WASHINGTON – The US Supreme Court ruled on June 26 in favor of President Donald Trump’s travel ban, stirring swift reactions from Muslims and non-Muslims across the American society.
In the 5-4 opinion written by Chief Justice John Roberts, the court found that Trump’s executive order, restricting travel from several Muslim countries to US, fell “squarely” within the president’s authority, CNBC reported.
The court rejected claims that the ban was motivated by religious hostility because “The order’s text says nothing about religion. Though the ban applies to five countries with Muslim majority populations, that fact alone doesn’t support an inference of religious hostility; noting that those five countries amount to only 8% of the world’s Muslim population.”
Roberts wrote in the ruling which concerned the third version of Trump’s ban: “The order is expressly premised on legitimate purposes: preventing entry of nationals who can’t be adequately vetted and inducing other nations to improve their practices.”
While the court upheld Trump’s travel restriction, Roberts noted that the ruling didn’t reflect the court’s judgment on the “soundness” of the policy.
A new study by the Social Science Resource Network has found compelling evidence that President Trump’s Islamic-related tweets including the travel ban ones are highly correlated with an increase in Islamophobic terrorist crimes.
“Our findings are thus consistent with the interpretation that Trump’s presidential campaign aided an unraveling of social norms that made people more willing to express views that were previously deemed socially unacceptable,” the study’s authors informed Science Alert.
Responses to Court
The attorney for the challengers, Neal Katyal, said in a statement: “Now that the Court has upheld it, it’s up to Congress to do its job and reverse President Trump’s unilateral and unwise travel ban.”
One of the leaders of the American Muslim Advisory Council (AMAC), Zulfat Suara, expressed to WSMV that “Trump Administration is doing what they can to keep Americans separated.”
Tennessee Muslim leaders joined by Nashville Mayor David Briley marched at an AMAC rally protesting the court’s decision.
“The case joined other immoral Supreme Court decisions that supported slavery and upheld a decision to place Japanese Americans into internment camps during World War II,” said Sabina Mohyuddin, AMAC Middle Tennessee program manager.

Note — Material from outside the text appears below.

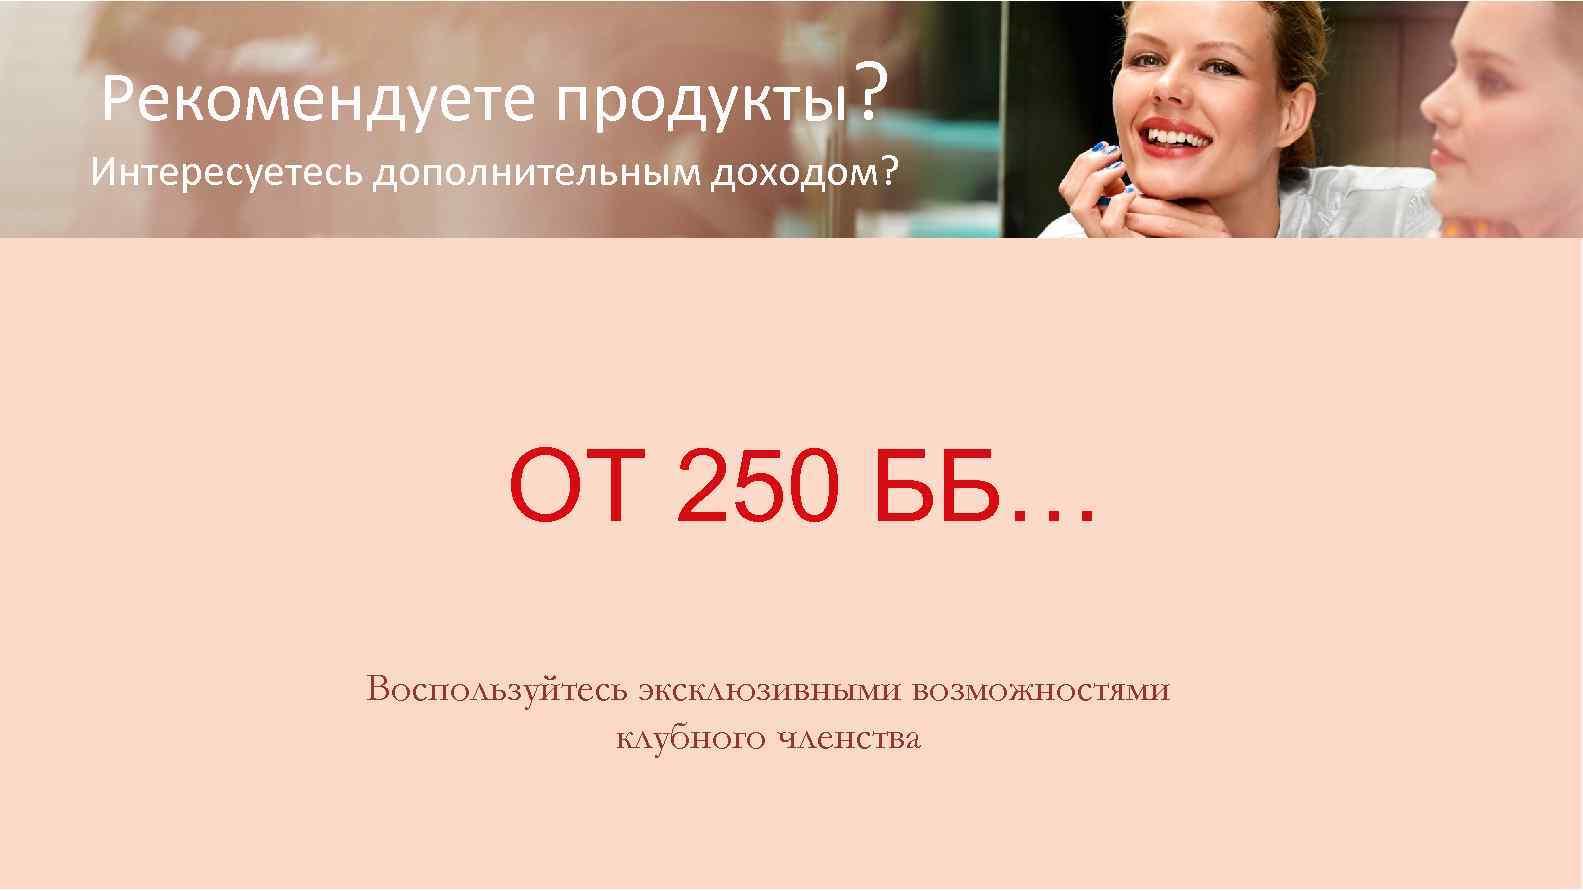 Рекомендуете продукты? Интересуетесь дополнительным доходом? ОТ 250 ББ… Воспользуйтесь эксклюзивными возможностями клубного членства
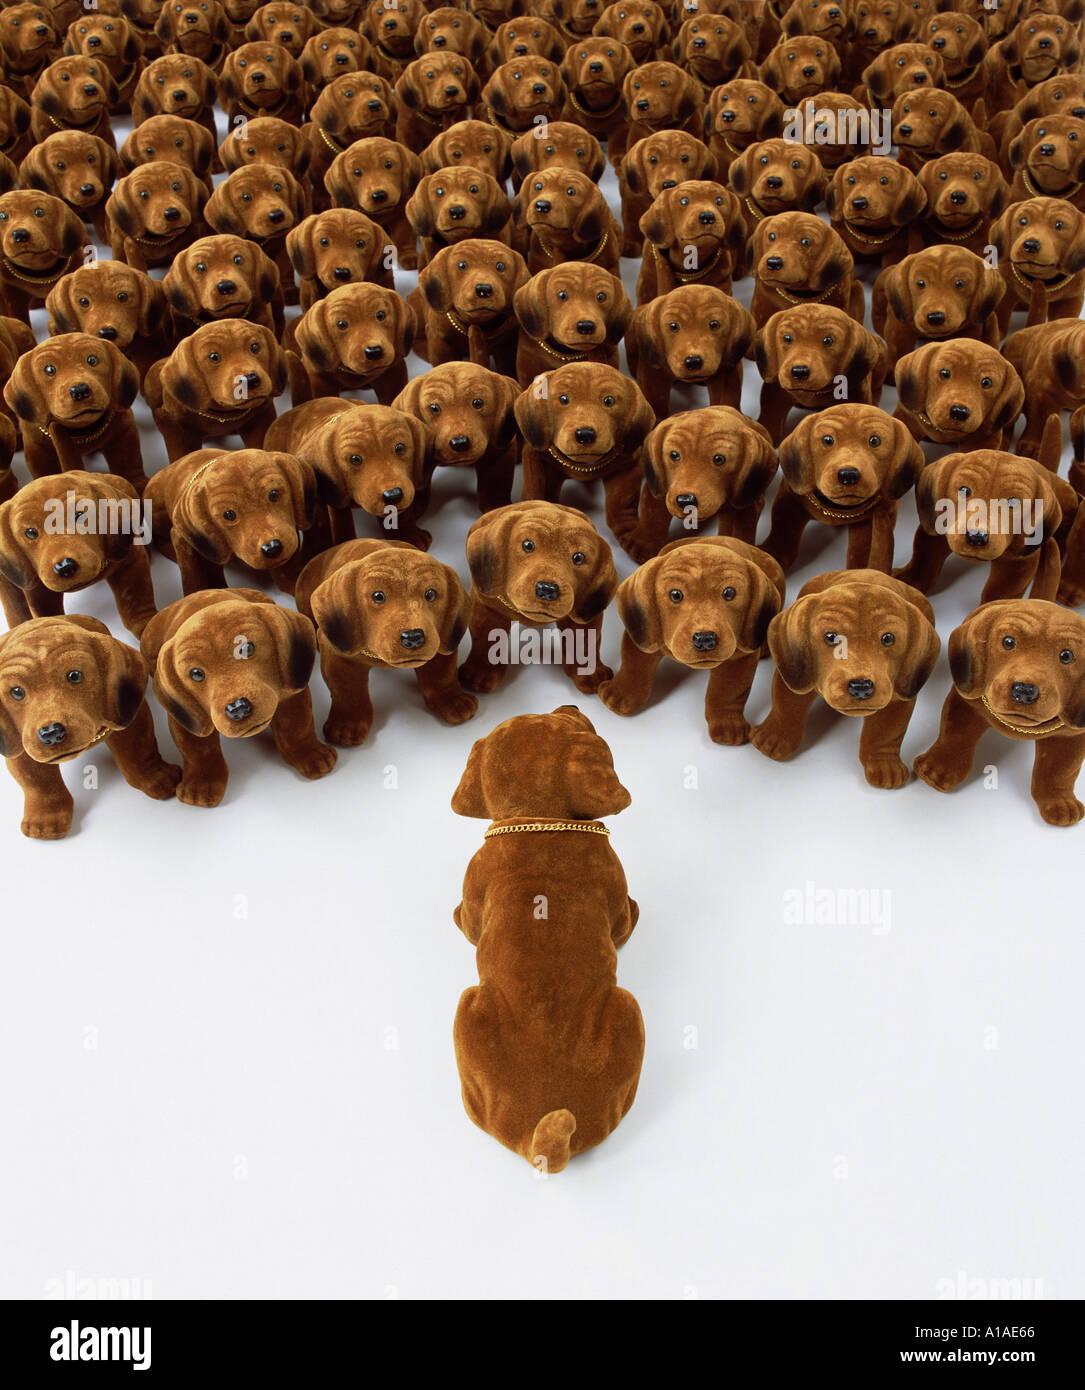 Einzelnen nickend Hund sprechen zur Gruppe der nickenden Hunde Stockbild

According to FreeP, a hastily organized protest brought together more than 100 Michiganders — including candidates for office and a Dearborn Heights imam — who are opposed to a travel ban.
“They made it legal, but that doesn’t mean it’s moral. It’s an aggression on American integrity. It’s absolutely immoral,” said Imam Mohammad Ali Elahi of the Islamic House of Wisdom in Dearborn Heights.
Stephanie Teatro, co-executive director of the Tennessee Immigrant and Refugee Rights Coalition, pledged to continue to push back against the ban through protests and community organizing.
The executive director of Sacramento’s chapter of the Council on American Islamic Relations (CAIR), Basim Elkarra, informed Fox40 that: “CAIR Sacramento plans to lobby elected officials to push legislation to try and block the ban and encourage people to go out and vote.”
The representatives of Minnesota’s Muslim community gathered to condemn the court’s ruling. Members of CAIR’s Minnesota chapter and other community groups called for increased public activism in response to the ruling.
DGlobe reported that the the hour-long demonstration included members of the Muslim, Jewish and Christian clergy of the St. Paul city.
Direct Impacts
For those at the Huntsville Islamic Center, the court’s ruling is much more personal and they fear unintended consequences.
An Iraqi immigrant to Nashville, Bnyad Sharef, saw the court’s surling as “a green light for discrimination against Muslims like me.”
Karla McKanders, a Vanderbilt University professor and expert on immigration law, explained to Commercial Appeal that: “People were waiting for this decision to determine whether or not the court would limit the president’s (executive order) based upon the campaign statements.”
Misbah Siddiqui, a physician and the vice president of the Huntsville Islamic Center explained to Rocket City Now that: “The American Medical Association sent a letter of concern about its impacts of the travel ban on health care. A lot of the professional physicians are Muslims.”
The Huntsville Islamic Society released a statement that reads:
“This decision sets a dangerous precedent by upholding a government policy directed against adherents of a specific religion — a policy that targets Muslim-majority countries for religious discrimination.”
Saleh Sbenaty, who serves on the Islamic Center of Murfreesboro’s board of trustees, agreed by saying “I don’t think this is a policy that would make this country safer nor will it make our country better.”
Sbenaty, immigrated to USA from Syria 36 years ago and he works as an engineering professor at Middle Tennessee State University.
Trump’s travel ban has directly impacted Sbenaty’s family as the Muslim professor isn’t able to see his ailing 83-year-old mother.
Another Muslim immigrant, Efran Mohammadi, a PhD Iranian student at the University of Illinois and member of the Muslim American Society of Urbana-Champaign sadly expressed to Fox Illinois: “It’s just like you’re Iranian? You’re ban. That doesn’t really make sense to me.”